El más conocido, sin duda, es el procedimiento de “Inspección”, probablemente porque es en el que más facultades tiene Hacienda.
Por otro lado, nos encontramos con los “primos pequeños” de la Inspección, como son los procedimientos de gestión (comprobación limitada o comprobación de valores), así como los procedimientos de recaudación.
Pues bien, la facultad de entrada de la Administración tributaria puede usarse tanto en las actuaciones y procedimientos de inspección (arts. 142.2 y 151 LG) como en actuaciones y procedimientos de recaudación (art 162.1 LGT).

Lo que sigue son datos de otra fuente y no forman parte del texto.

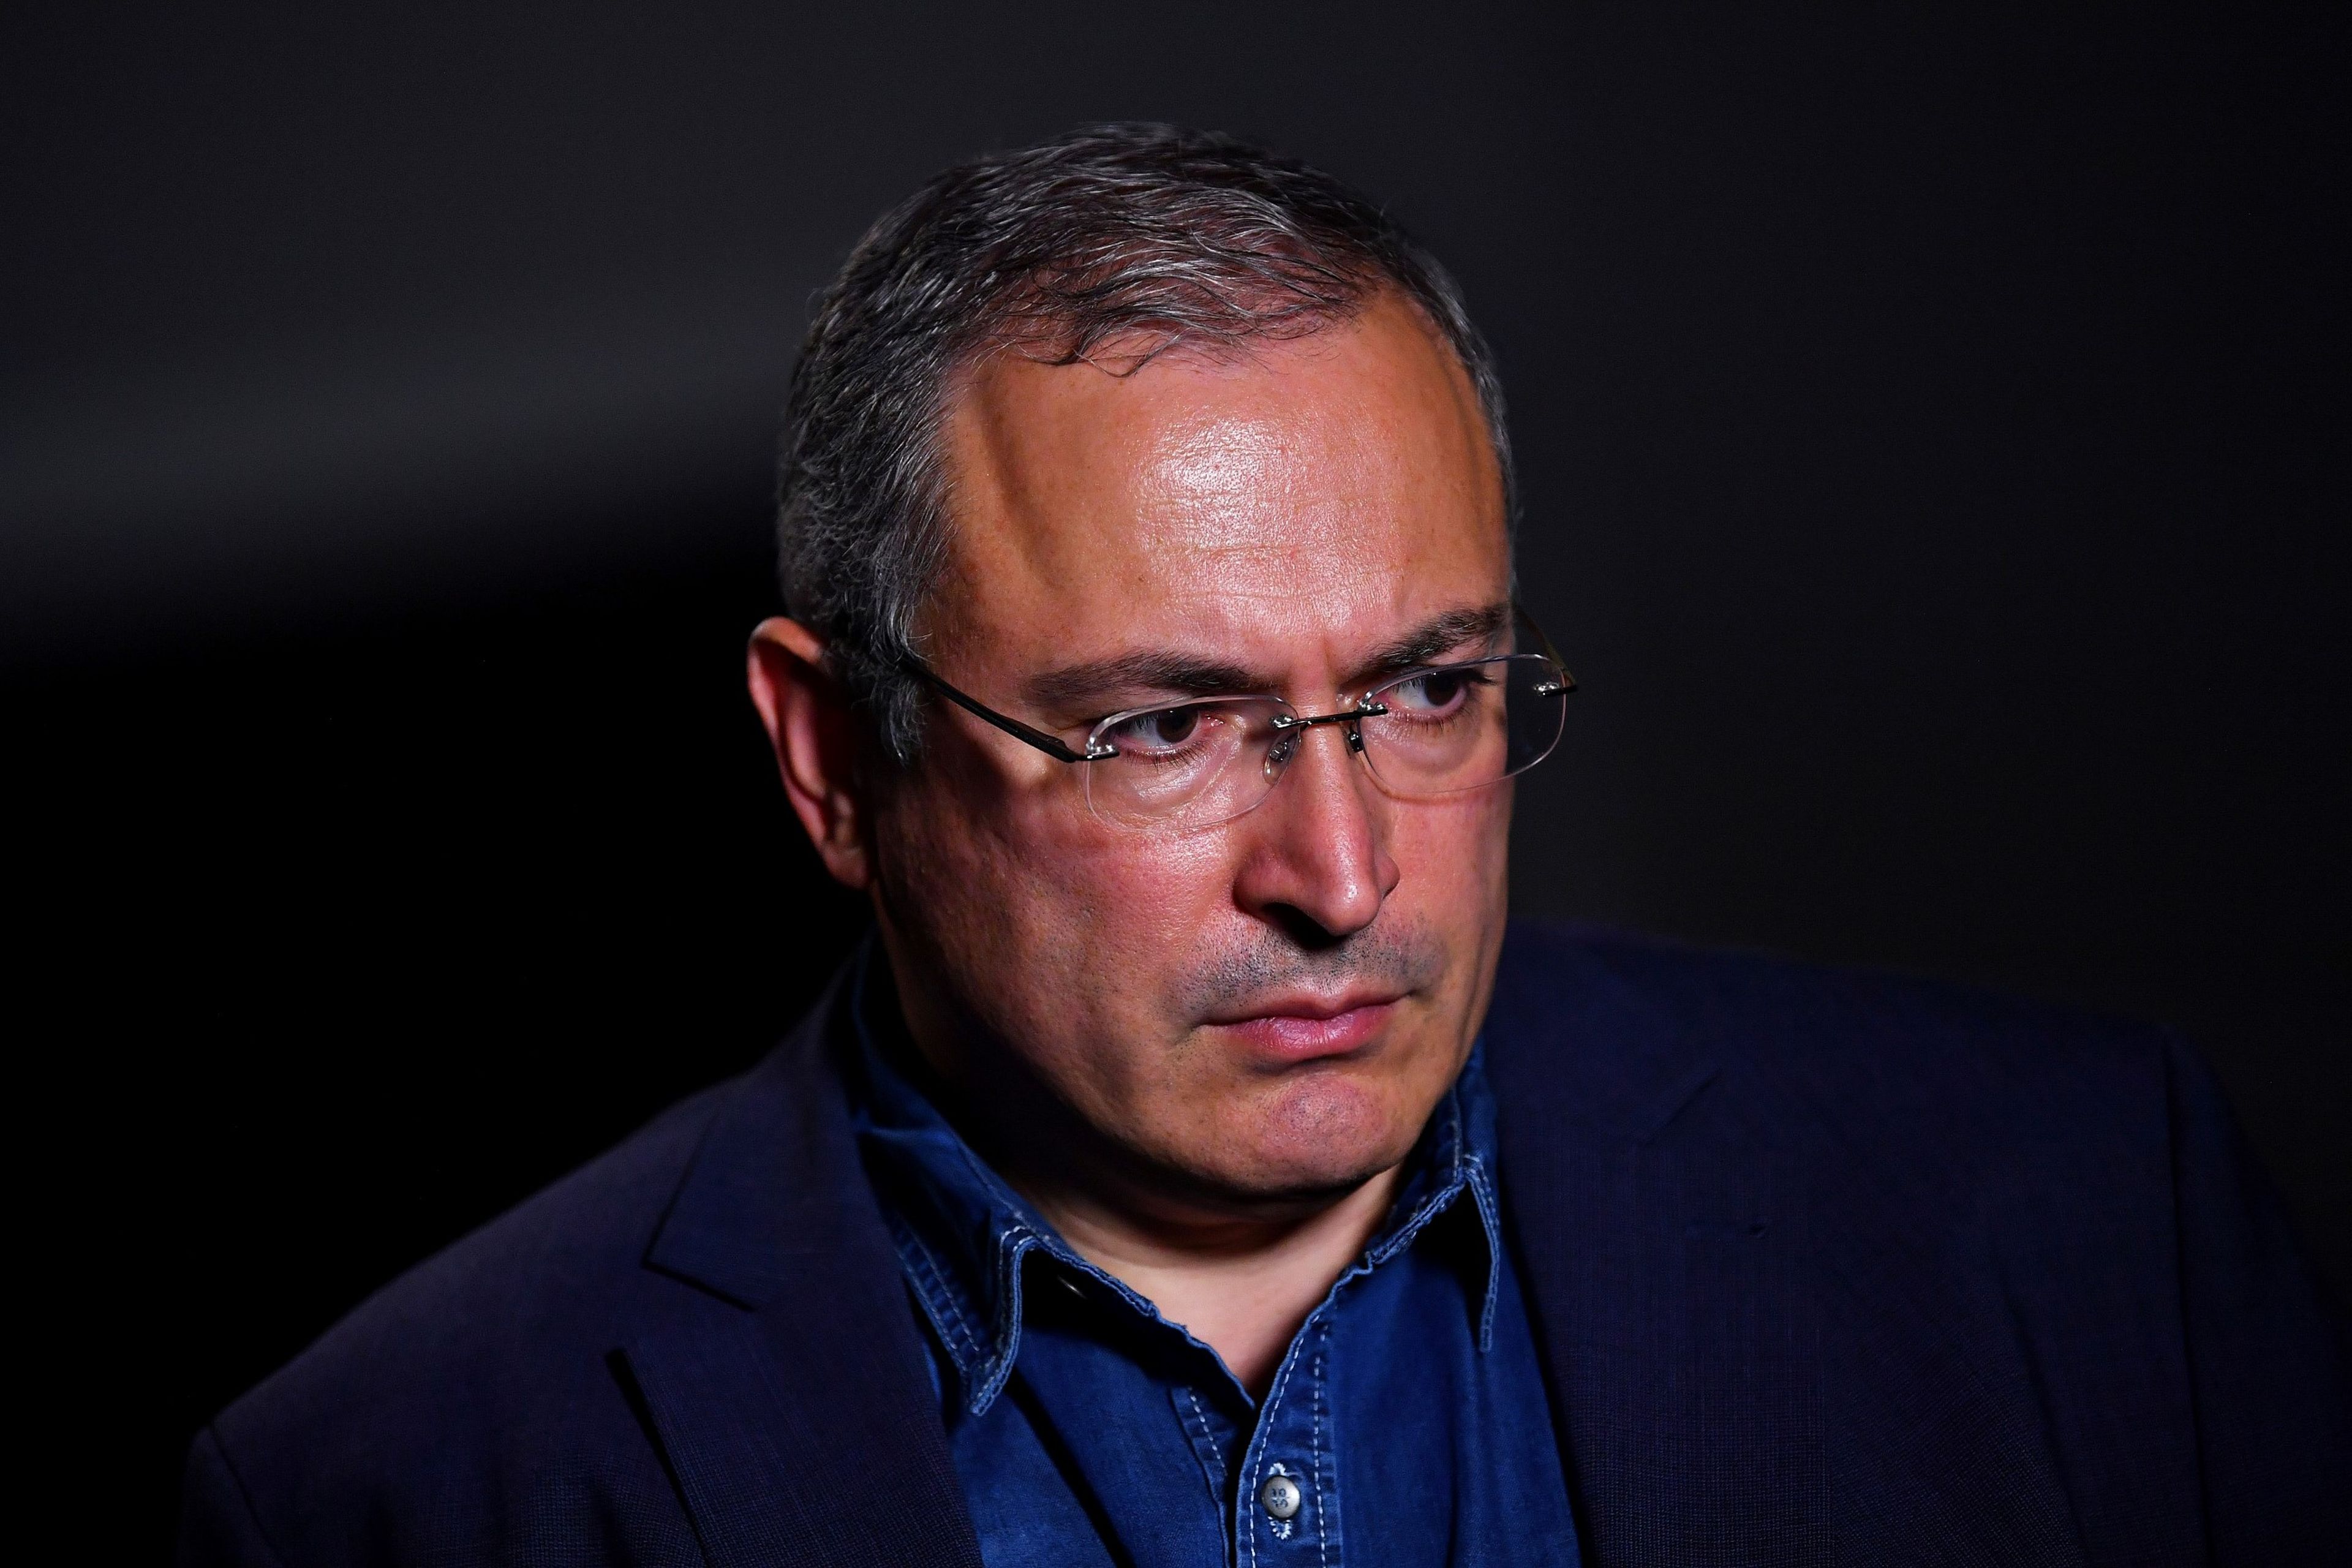 Mijaíl Jodorkovski, antiguo propietario de una de las mayores compañías petroleras de Rusia, despertó la ira de Putin en 2003 y fue encarcelado durante 11 años.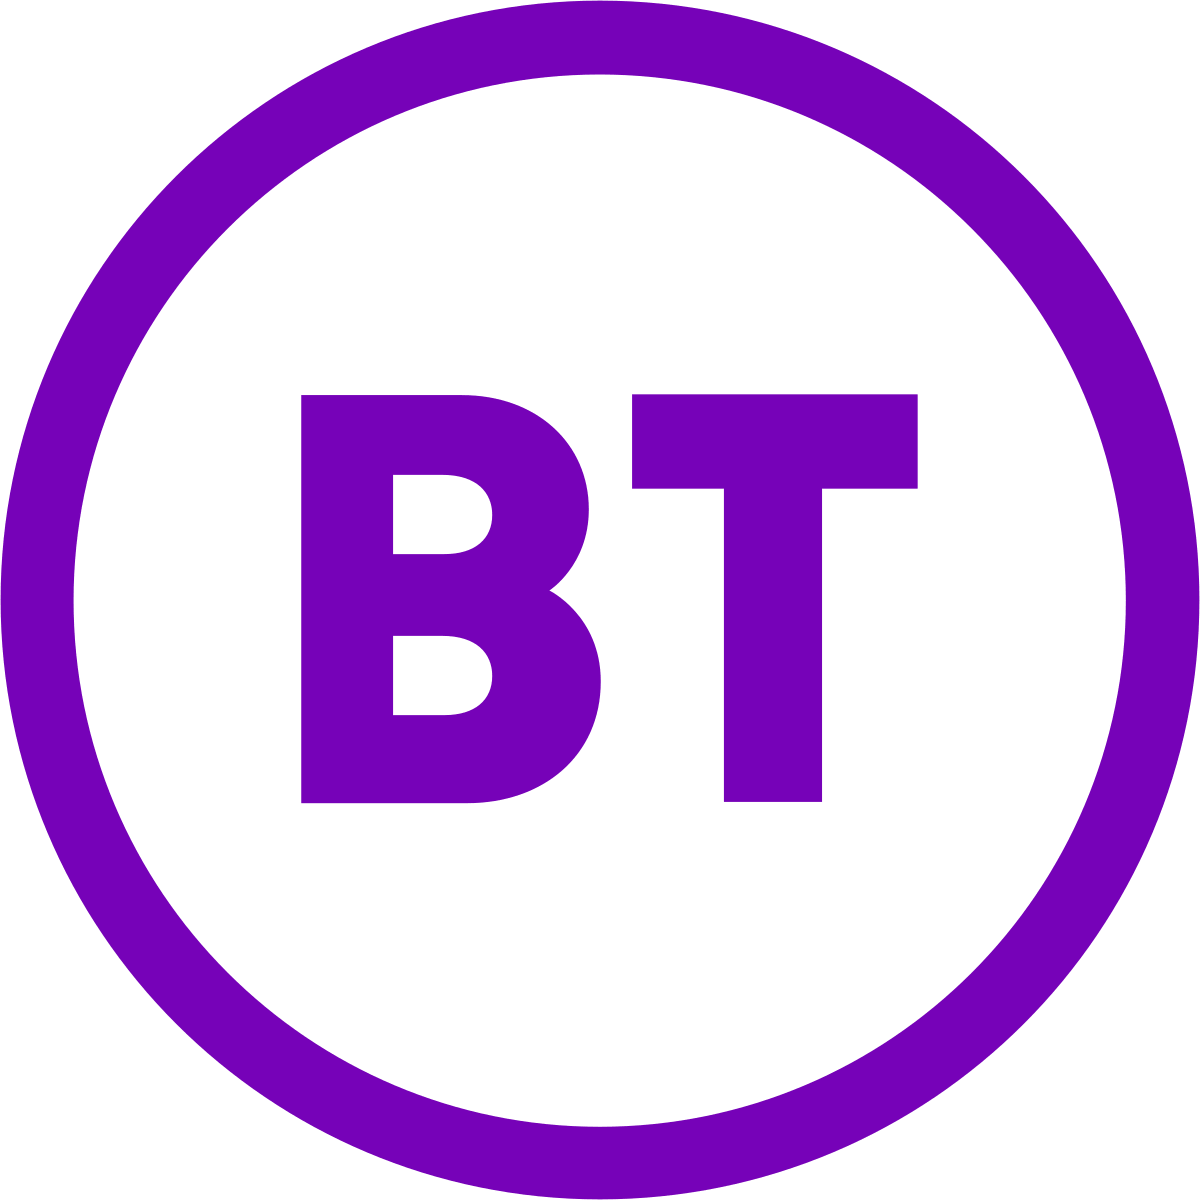 BT ISP logo.

Para el resto de casos, como son los procedimientos de gestión, la facultad de entrar a domicilios es posible, pero de forma mucho más estricta y limitada que para los procedimientos de inspección y recaudación.
En estos casos, la entrada en domicilio es una excepción a la regla general.
Partiendo de la base de que la entrada en el domicilio fuese legal y correcta -ya por la vía de la autorización del titular, ya por la vía de la autorización judicial- los funcionarios de la Administración pueden llevar a cabo su labor.
Lógicamente, en función del tipo de procedimiento ante el que nos encontremos, las labores que puede llevar a cabo Hacienda son distintas, pues también son distintas las finalidades de los procedimientos.
Pueden pasar desde el examen físico del lugar, revisión de libros, documentación del sujeto pasivo, ordenadores, archivos informáticos, etc.